Title: Can Sequential 18F-FDG PET/CT Replace WBC Imaging in the Diabetic Foot? 

SLR - April 2012 - Kristin Burton

Reference:   Familiari D, Glaudemans A. W.J.M., Vitale V, Prosperi D, Bagni O, Lenza A, Cavallini M, Scopinaro F, Signore A.  Can Sequential F-FDG PET/CT Replace WBC Imaging in the Diabetic Foot? J Nucl Med. 2011;52:1012-1019.

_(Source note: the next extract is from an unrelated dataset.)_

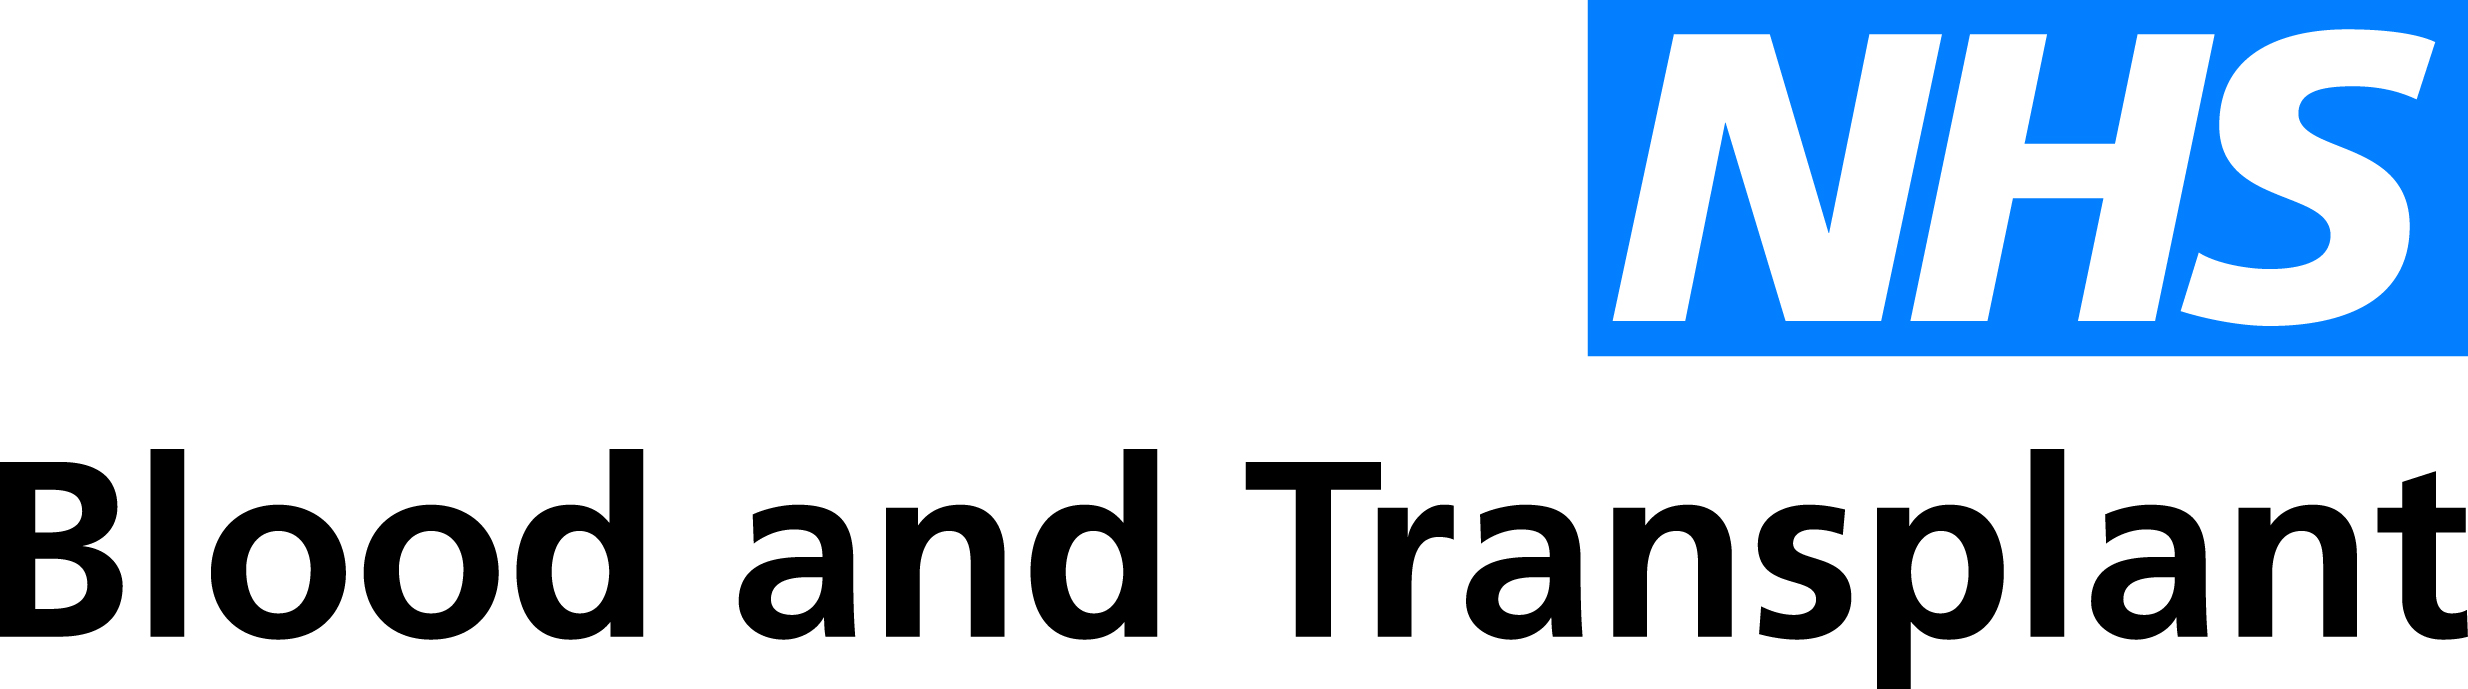 NHS Blood and Transport logo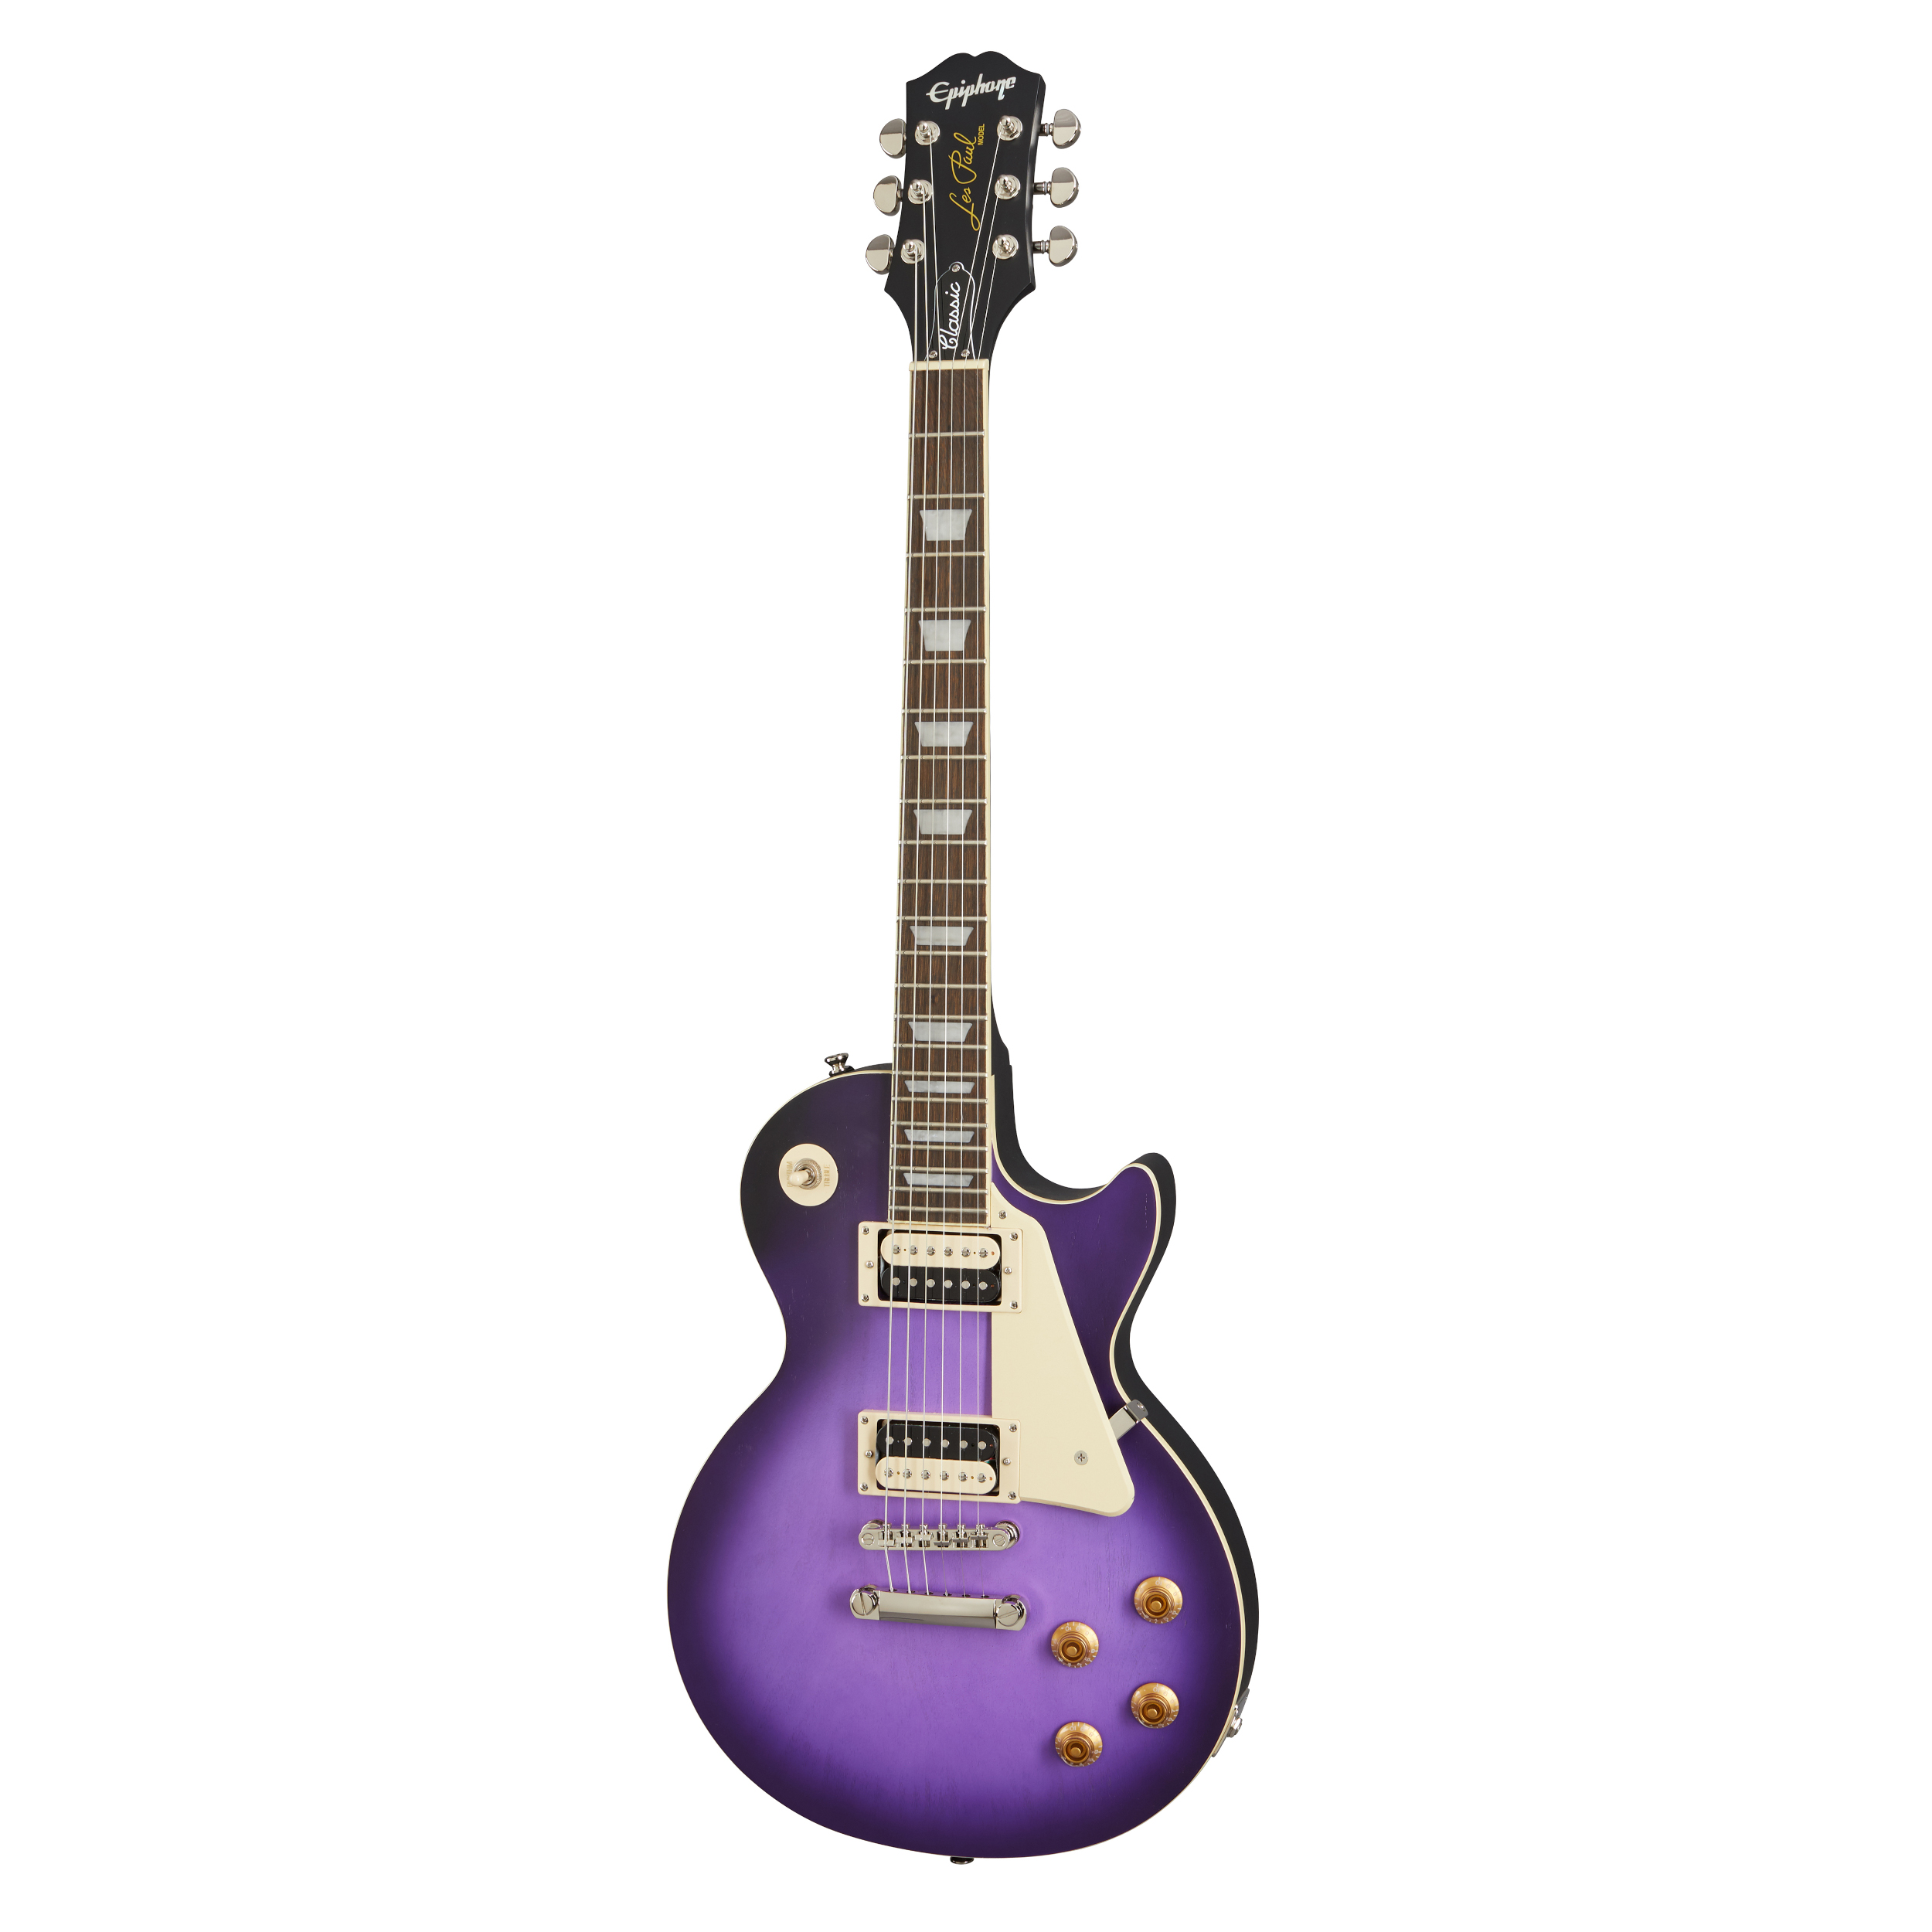 Epiphone Les Paul Classic Worn - Worn Purple Guitar

Scientific Literature Review

Reviewed by: Kristin Burton, DPM
Residency Program: Grant Medical Center

Podiatric Relevance:
Pedal ulcerations will develop in up to 15 percent of diabetics with 15-25 percent of these patients requiring amputation. Detection and differentiation between soft tissue infection and osteomyelitis can be difficult. Bone biopsy is the gold standard, but is not always performed due to its invasive nature and loss of accuracy with the contamination from surrounding soft tissue infection. Therefore, imaging can be useful in evaluation and diagnosis of osteomyelitis. Nuclear medicine currently plays a large role in detection and diagnosis of diabetic pedal infections. White blood cell (WBC) labeled scintigraphy is currently considered the nuclear medicine gold standard imaging technique for diagnosing osteomyelitis. Recent publications have suggested ¹⁸F-FDG PET/CT may be the future trend for diagnosis of osteomyelitis with advantages including no blood manipulation, higher image resolution and shorter acquisition time. This study aimed to compare accuracy of sequential ¹⁸F-FDG PET/CT scanning in differentiating soft tissue infection from osteomyelitis from no infection at all, compared to WBC scintigraphy.

Methods:
Thirteen patients with clinical suspicion of pedal osteomyelitis were included and evaluated with both WBC scintigraphy, sequential ¹⁸F-FDG PET/CT scanning and bone biopsy. High clinical suspicion was based on the presence of two or more signs and symptoms of local inflammation or systemic signs of infection, along with purulence. WBC scintigraphy was performed on day one, ¹⁸F-FDG PET/CT was performed on day two. Bone biopsy was performed within one week of the scans and sent for histological analysis of neutrophilic infiltration.

Results:
Biopsy results demonstrated osteomyelitis in seven patients, soft tissue infection without bone infection in two patients, and no infection in four patients. WBC scintigraphy correctly identified all four patients without infection, and osteomyelitis in six of the seven patients with proven osteomyelitis. One patient was considered to have soft tissue infection with WBC scintigraphy, but was confirmed as osteomyelitis with bone biopsy. The overall diagnostic accuracy in diagnosing osteomyelitis with WBC scintigraphy was 92 percent. ¹⁸F-FDG PET was able to correctly identify three of the four patients who were infection free. One infection free patient was considered to have osteomyelitis which was then negative for osteomyelitis with bone biopsy. Only three of the seven patients with biopsy confirmed osteomyelitis were found to have osteomyelitis by ¹⁸F-FDG PET scanning. This correlated to a diagnostic accuracy of 54 percent. After adding ¹⁸F-FDG PET scanning with CT images, the overall diagnostic accuracy improved to only 62 percent.

Conclusions:
Although recent literature has popularized the ¹⁸F-FDG PET/CT scan as the future diagnostic tool for osteomyelitis, this study provided evidence that the diagnostic accuracy of WBC scintigraphy is greater than F-FDG PET scanning alone and with the addition of CT scanning. WBC scintigraphy remains the gold standard imaging technique for differentiating soft tissue infection from osteomyelitis.